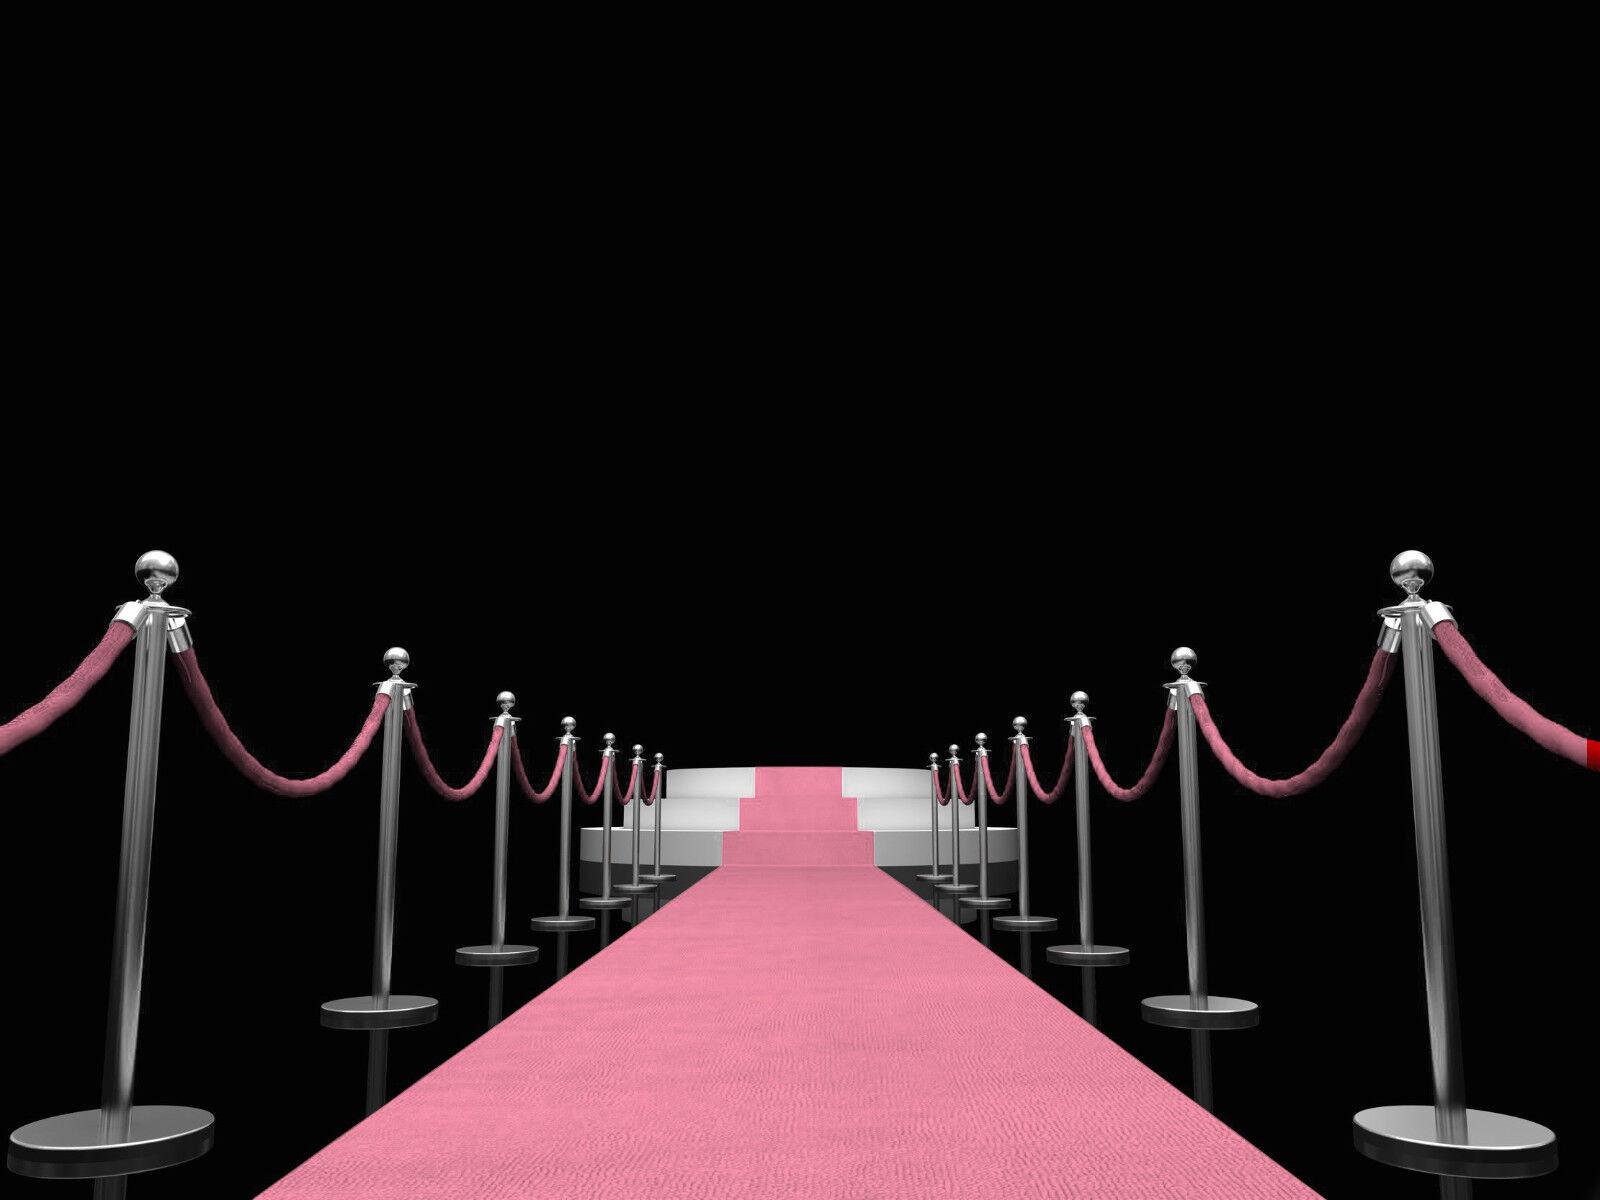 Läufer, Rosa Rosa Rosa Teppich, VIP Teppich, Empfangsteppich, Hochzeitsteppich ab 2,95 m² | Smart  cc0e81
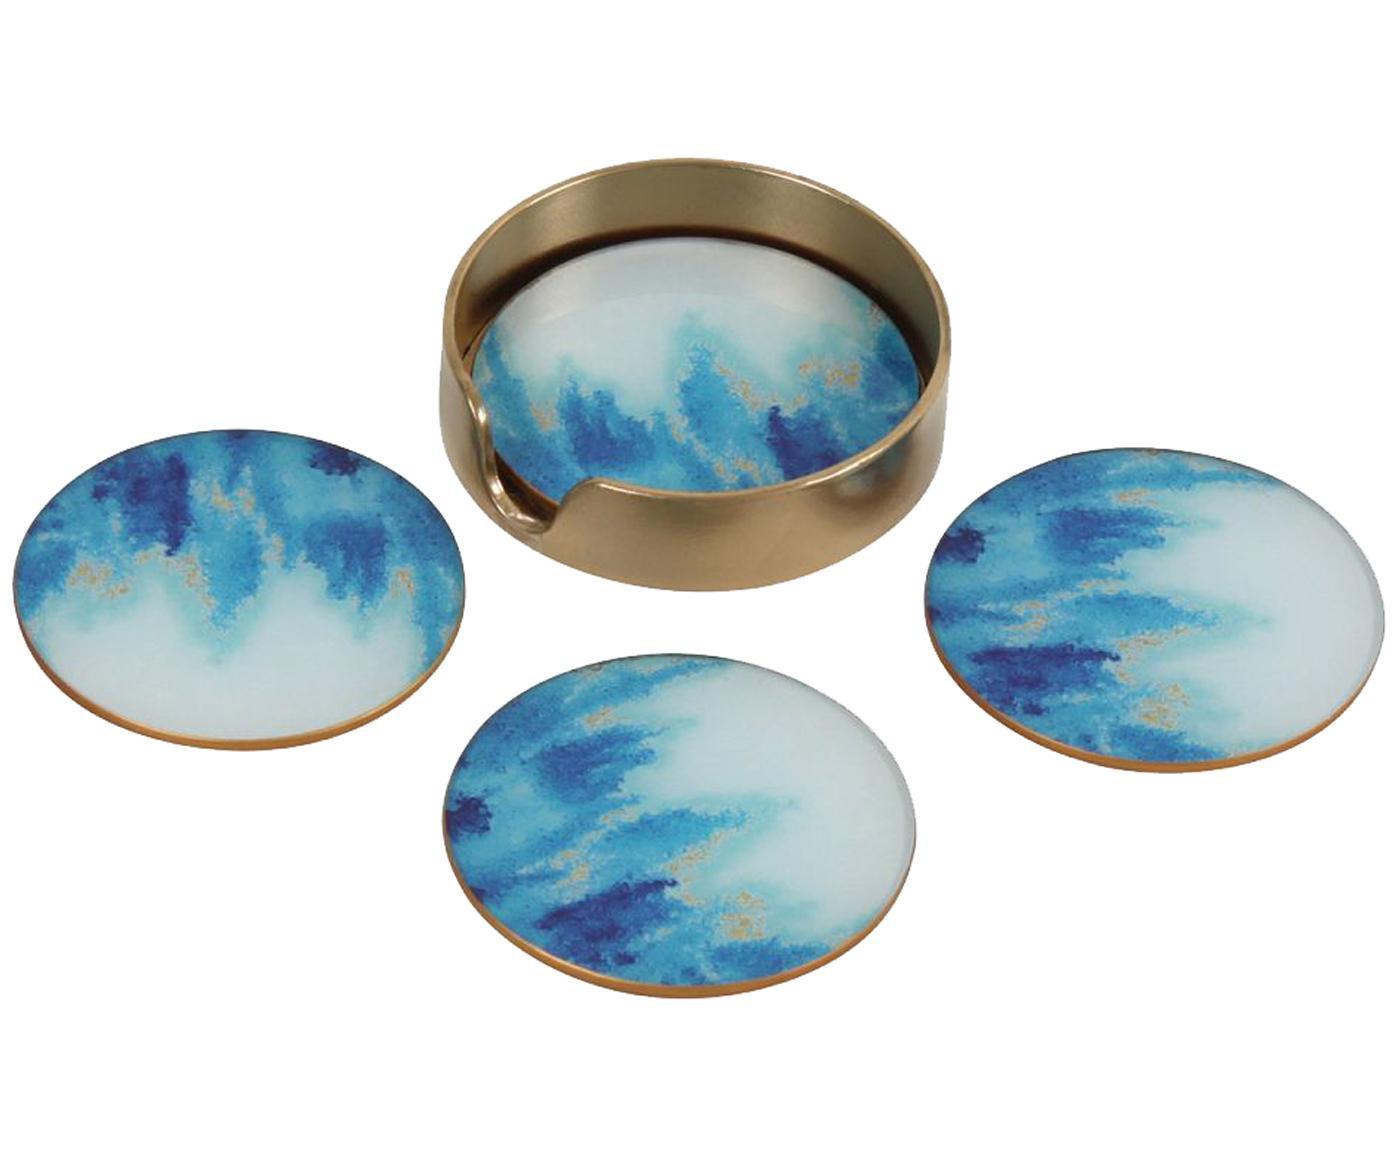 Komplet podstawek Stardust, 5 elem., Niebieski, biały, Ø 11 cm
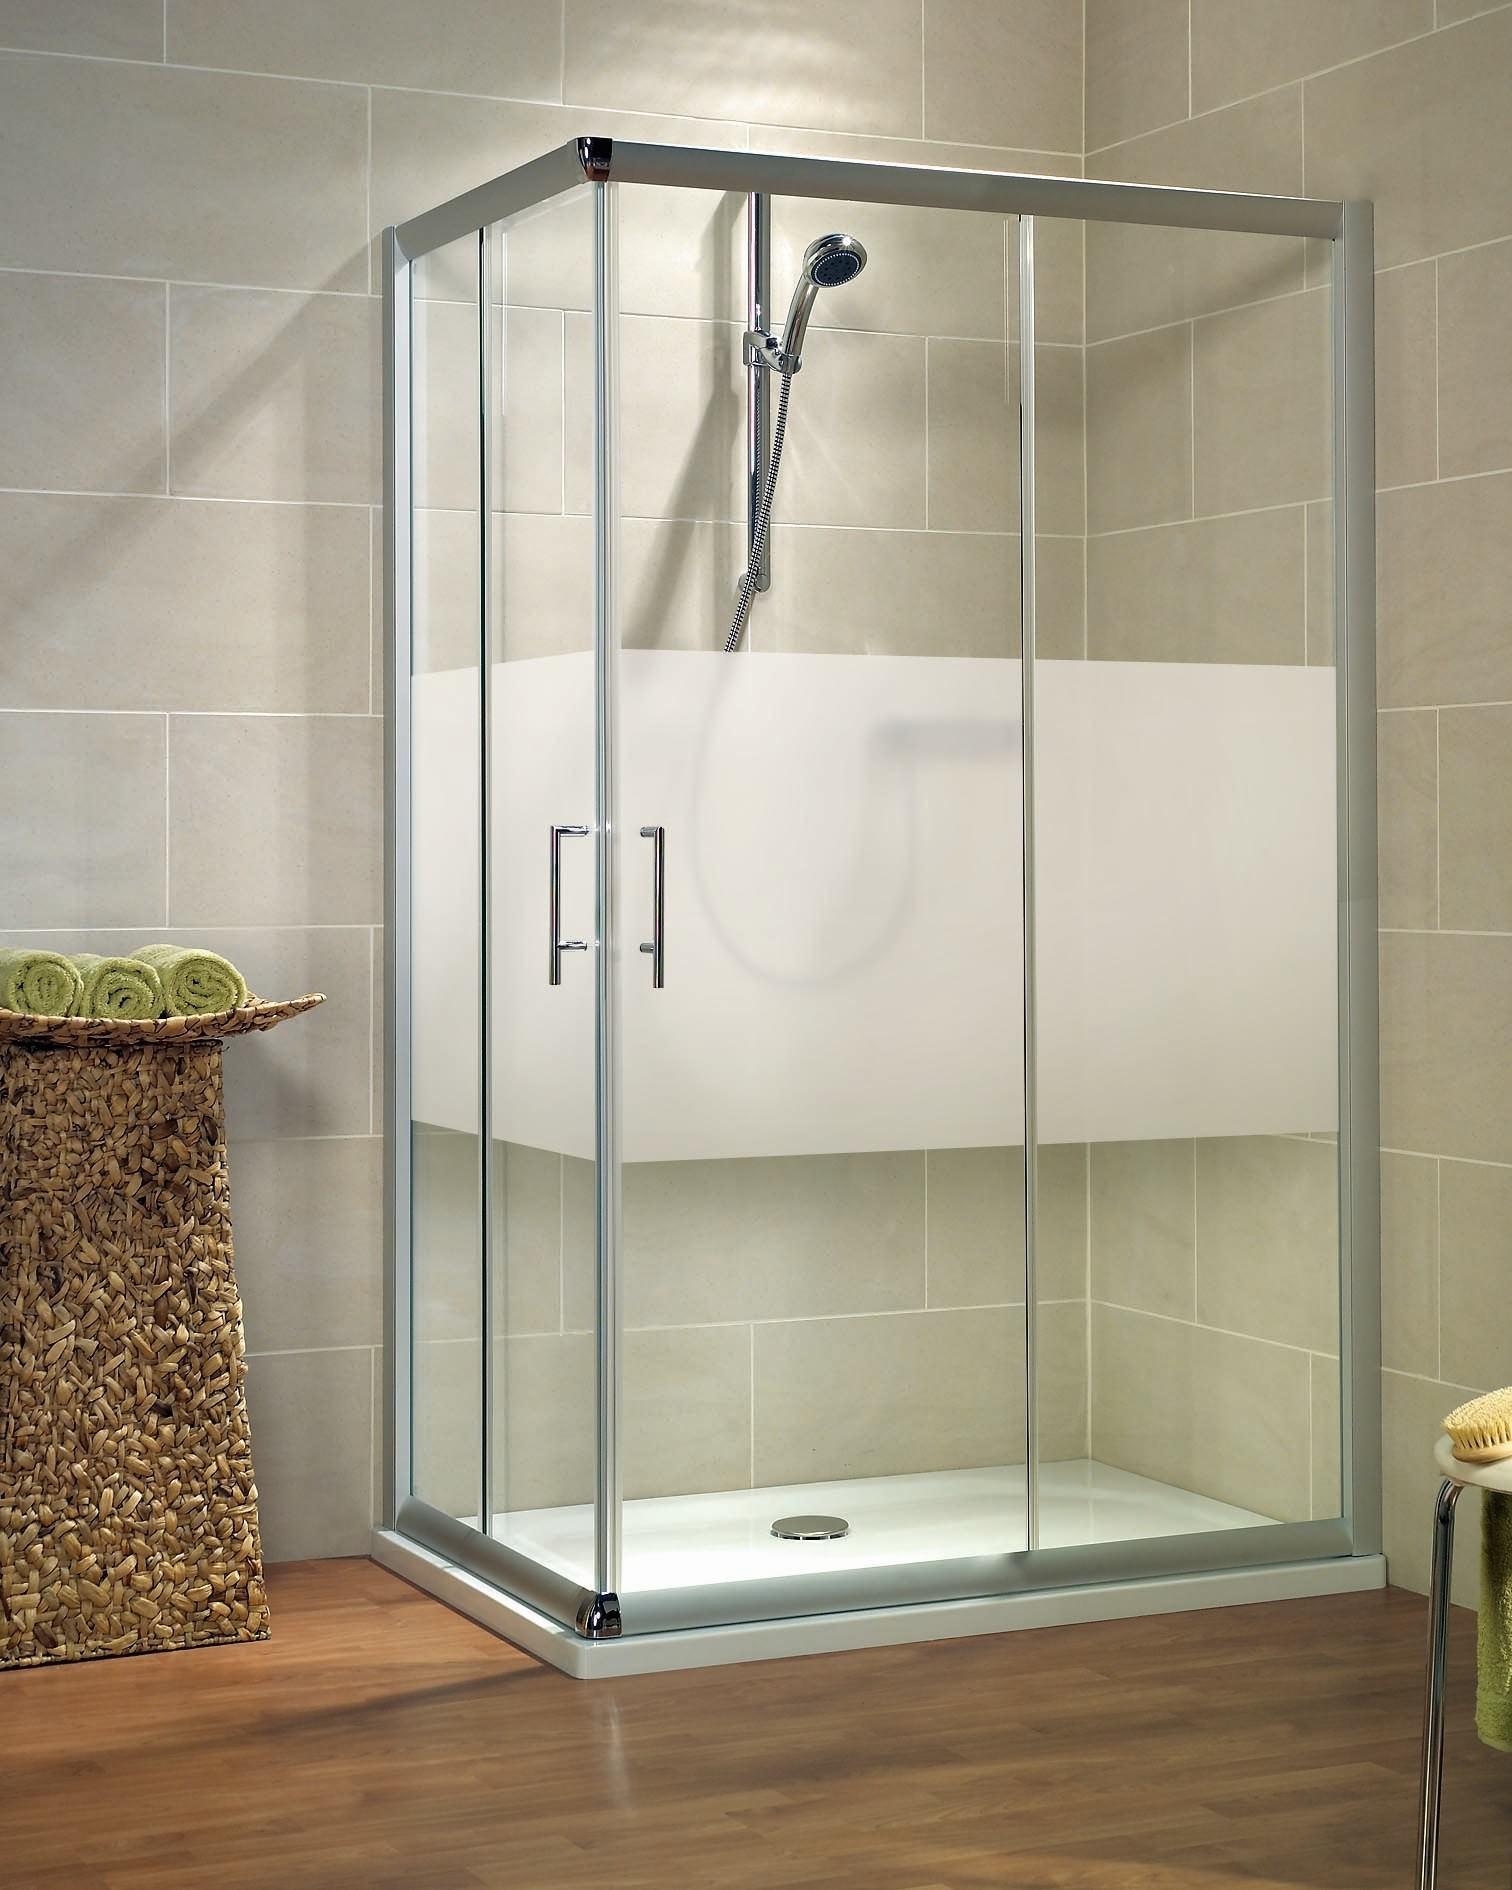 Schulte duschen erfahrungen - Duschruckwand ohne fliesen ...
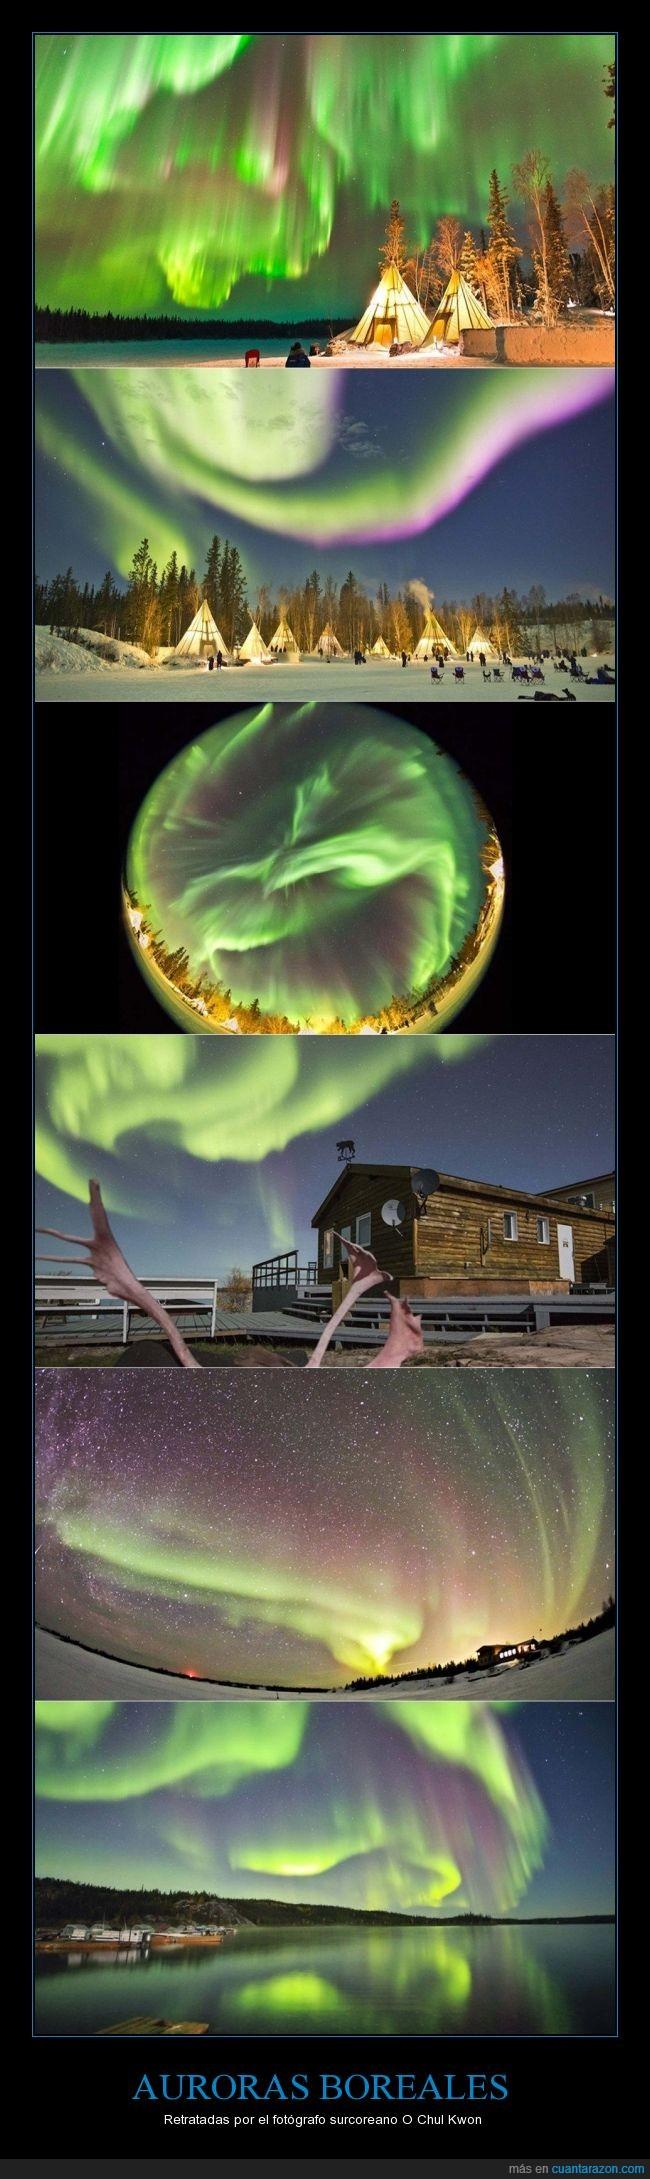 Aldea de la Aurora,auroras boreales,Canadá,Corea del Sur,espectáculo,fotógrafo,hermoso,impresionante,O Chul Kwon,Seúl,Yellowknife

Instructions for the task :: Every line above must be printed again exactly, pictures excluded.

The answer ::
 Läufer, Rosa Rosa Rosa Teppich, VIP Teppich, Empfangsteppich, Hochzeitsteppich ab 2,95 m² | Smart  cc0e81
 Komplet podstawek Stardust, 5 elem., Niebieski, biały, Ø 11 cm
 Schulte duschen erfahrungen - Duschruckwand ohne fliesen ...
 Aldea de la Aurora,auroras boreales,Canadá,Corea del Sur,espectáculo,fotógrafo,hermoso,impresionante,O Chul Kwon,Seúl,Yellowknife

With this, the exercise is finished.